The target company’s AI application should be reviewed in light of these factors to determine its potential regulatory exposure.
In addition to AIDA, the CPPA brings significant changes to PIPEDA. For AI companies that handle personal information – particularly sensitive personal information, like biometric or health data – these changes may have substantial implications. For example, the CPPA will strengthen consent requirements and impose more onerous financial penalties for contraventions.
Data Rights and Privacy
The diligence review should confirm whether the target has the necessary rights to use the data their AI application leverages – either for training or in its use. This would include reviewing any associated licenses as well as ensuring the target has obtained the necessary consents for the use of any data that constitutes personal information under PIPEDA. Ensuring the target has appropriate data rights applies to both the data used to train its AI model as well as the data generated by the use of the model – for example, the prompts entered into the AI model and associated outputs, which may be valuable for the future refinement of the AI application.

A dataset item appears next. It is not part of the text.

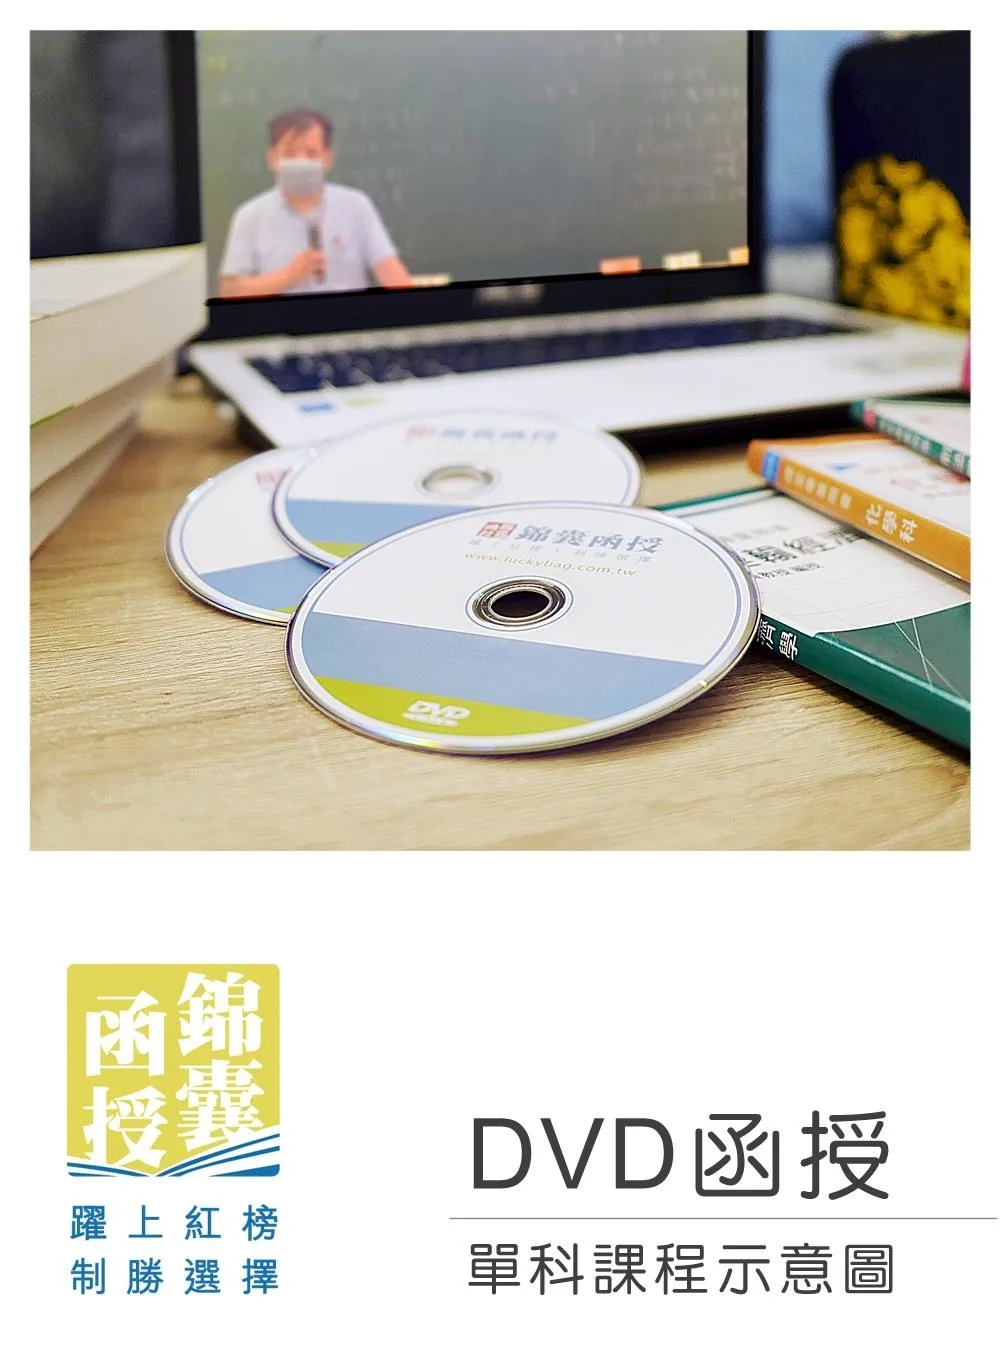 【DVD函授】計算機概要-單科課程(111版)

The target’s data security policies and measures should also be considered. For example, the target’s cybersecurity history, including past incidents of hacks, breaches, or vulnerabilities should be confirmed, external testing reports should be reviewed and any vulnerabilities considered in light of the potential liabilities involved.
Reliance on Third Party Supply
Given the substantial costs associated with developing a proprietary AI model, many companies rely on third party components in their AI applications (e.g., the Foundation Models discussed above). This could be through a license or through an open source model. Software licenses, open source licenses, and other matters affecting the target’s access to these components should be reviewed carefully. The risks noted in this article – like the regulatory risks noted above – and their application to any key suppliers of the AI components should similarly be considered in the diligence review.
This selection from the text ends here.